Court Opinion

ID: 3404189
Source: CourtListenerOpinion
Date Created: 2016-07-05 19:17:27.091562+00
Date Added: 2024-06-11T13:44:30.198014
License: Public Domain

1. The court did not err in refusing, as a proper challenge to the qualifications of jurors, to allow the "defendant to qualify the jurors as to whether they had contributed to the `lottery investigation' held in Fulton County, and whether they had been witnesses before the grand jury as to the operation of the lottery known as the `number game'" in Fulton County, Georgia. Such contributions or appearances as witnesses do not, ipso facto, inherently affect the qualifications of jurors. *Page 645 
2. "Generally speaking, identity of names is prima facie evidence of identity of persons." Shuler v. State, 125 Ga. 778, 782 (54 S.E. 689). An indictment and a verdict of guilty thereon on a former charge of operating a lottery were not "inadmissible for the reason that there was no affirmative proof of the identity with the accused of the person convicted on the former occasion." Williams v. State, 62 Ga. App. 679 (3) (9 S.E.2d 697).
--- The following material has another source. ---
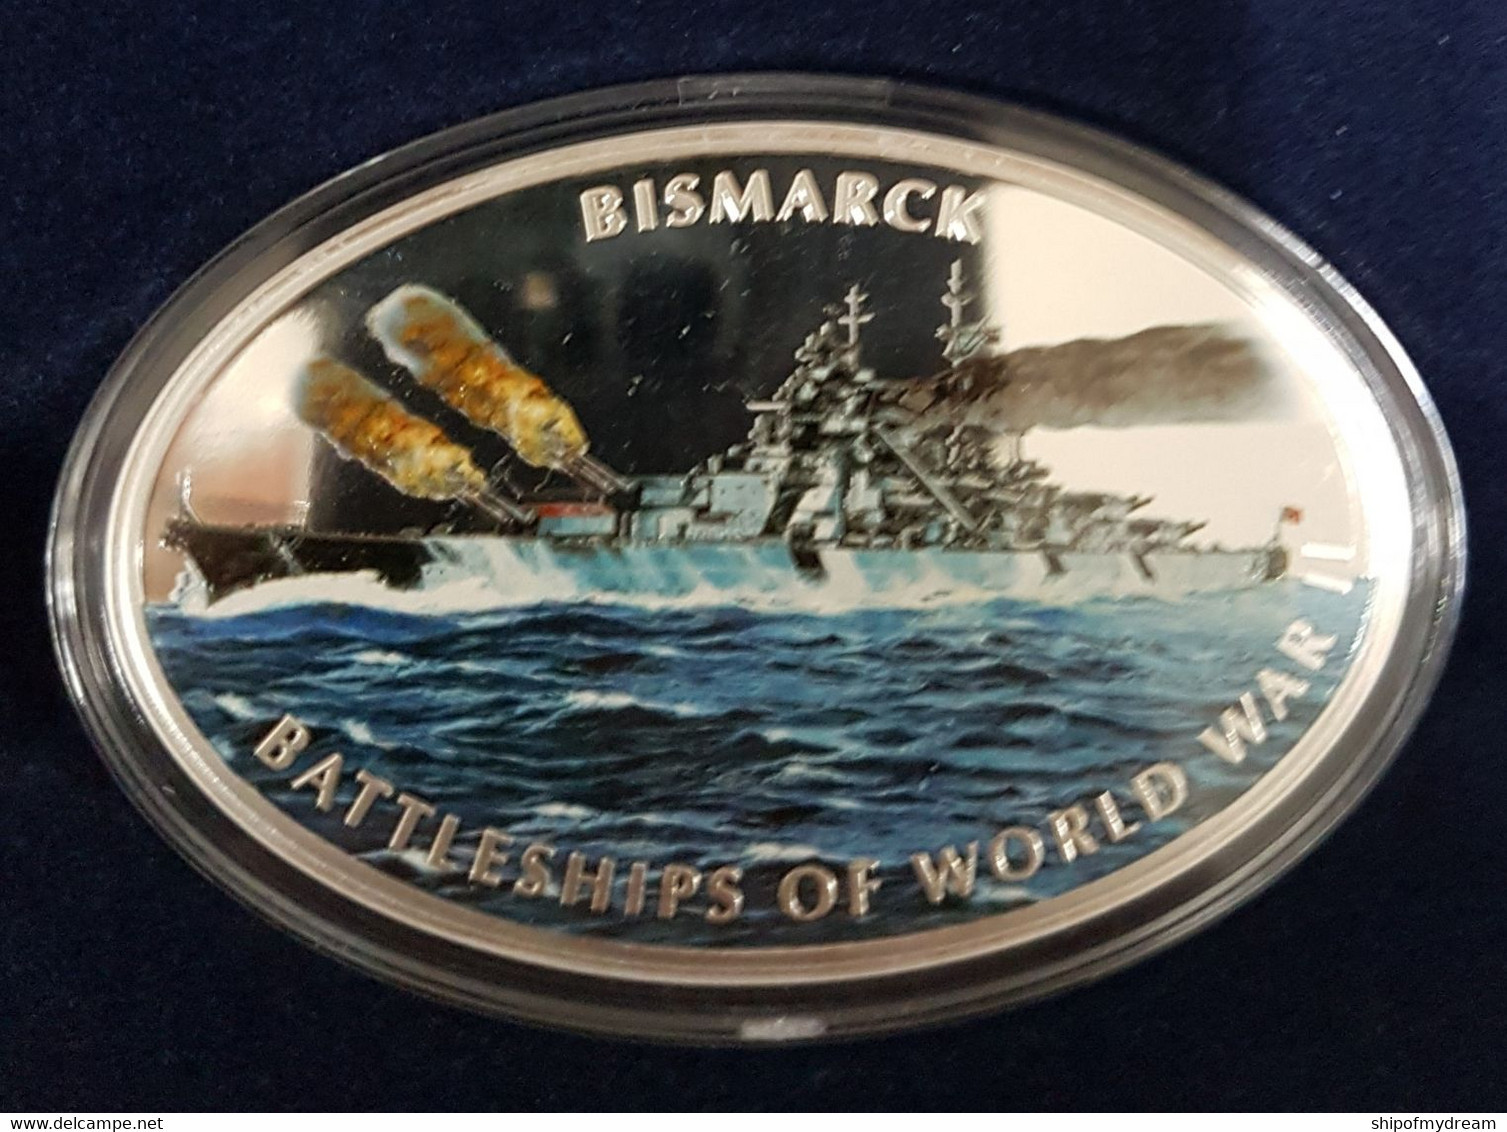 Tokelau 1$ 2013 "Battleships Of World War II" - Bismark. Proof. 2oz. Oval 70x45 Mm. Very Scarce. Mintage = 3000. - Andere - Oceanië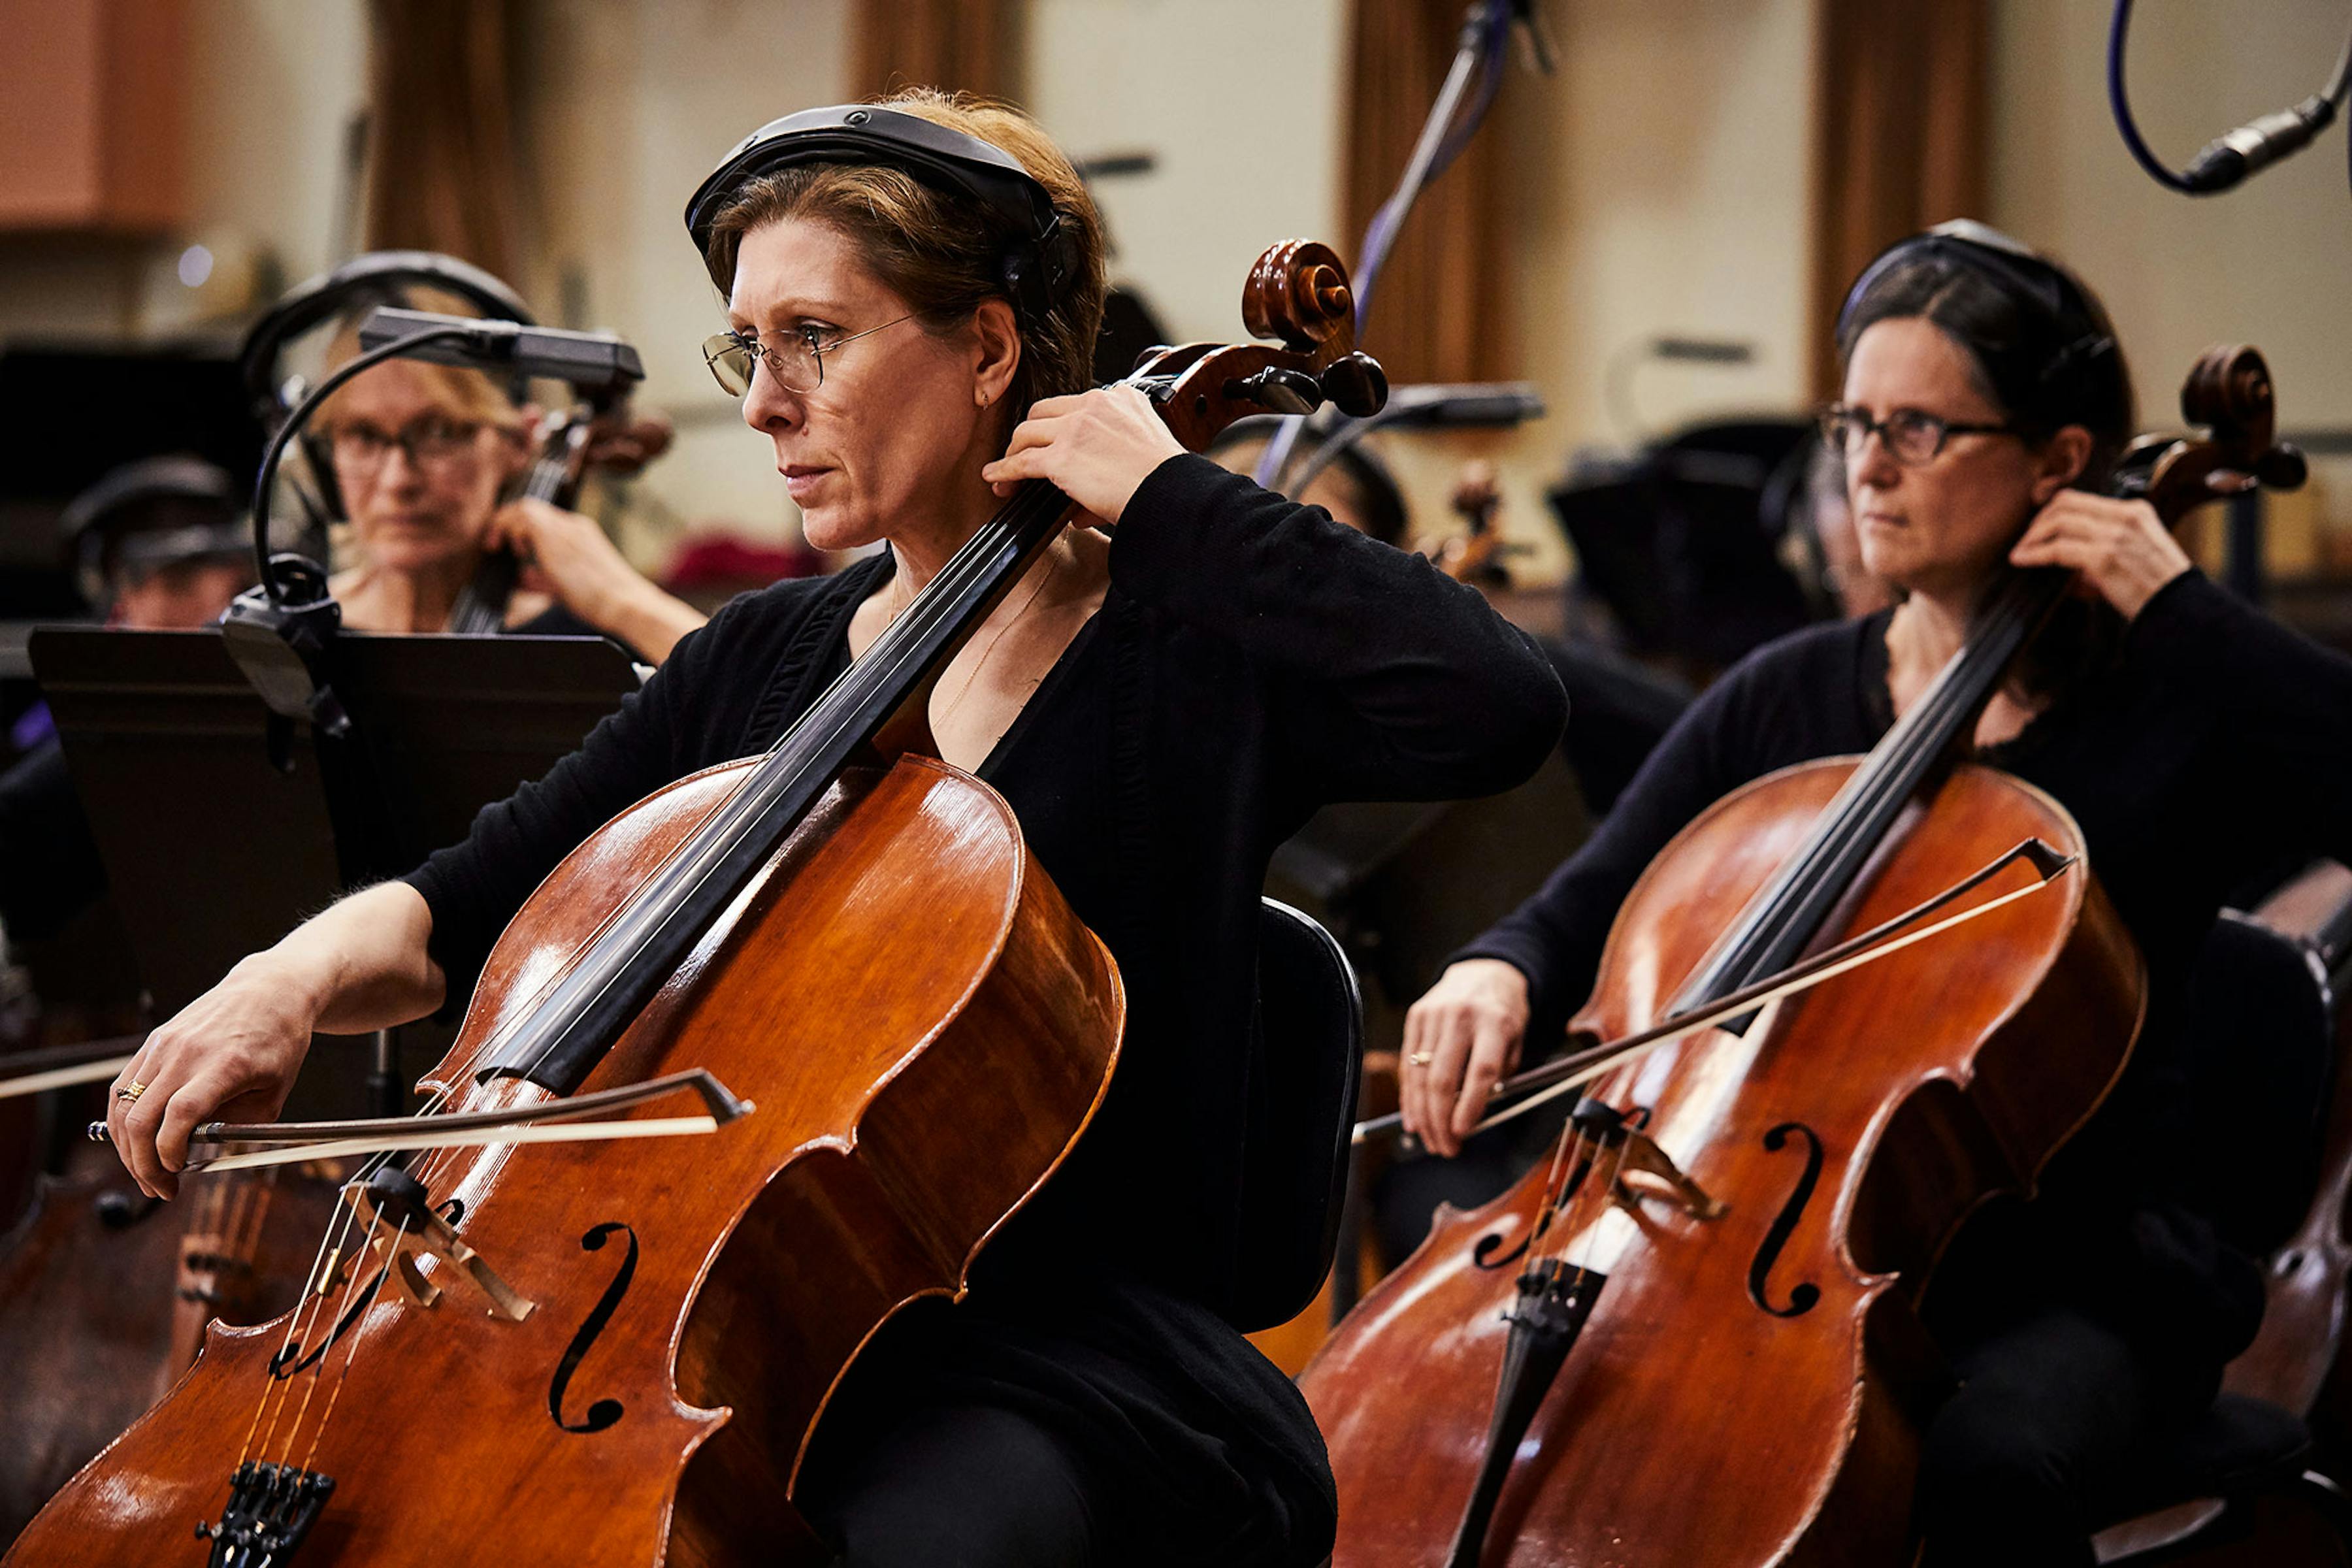 BBCSO Pro cello section

3. Where the evidence showed that the defendant was controlling and operating an automobile in the pocket of which were found three sacks of lottery tickets bearing current dates, totaling about $100 in bets and representing forty-two writers, and was operating the car about half an hour before two o'clock p. m., the closing time of the stock exchange, by which time it was necessary that all bets be transported and assembled at the headquarters of the operators, the court did not err in admitting in evidence a former indictment and conviction thereon about two and a half years previously on a lottery charge, where the court charged the jury specifically that this evidence was admitted only for the purpose of showing knowledge, motive, intent, plan, scheme, design, as matters dependent on the defendant's state of mind as involved, as material elements of the particular offense for which he was being tried.
4. The remaining assignments of error are without merit. The court did not err in overruling the certiorari.
Judgment affirmed. Broyles, C. J., andMacIntyre, J., concur.
        DECIDED FEBRUARY 11, 1941. REHEARING DENIED MARCH 27, 1941.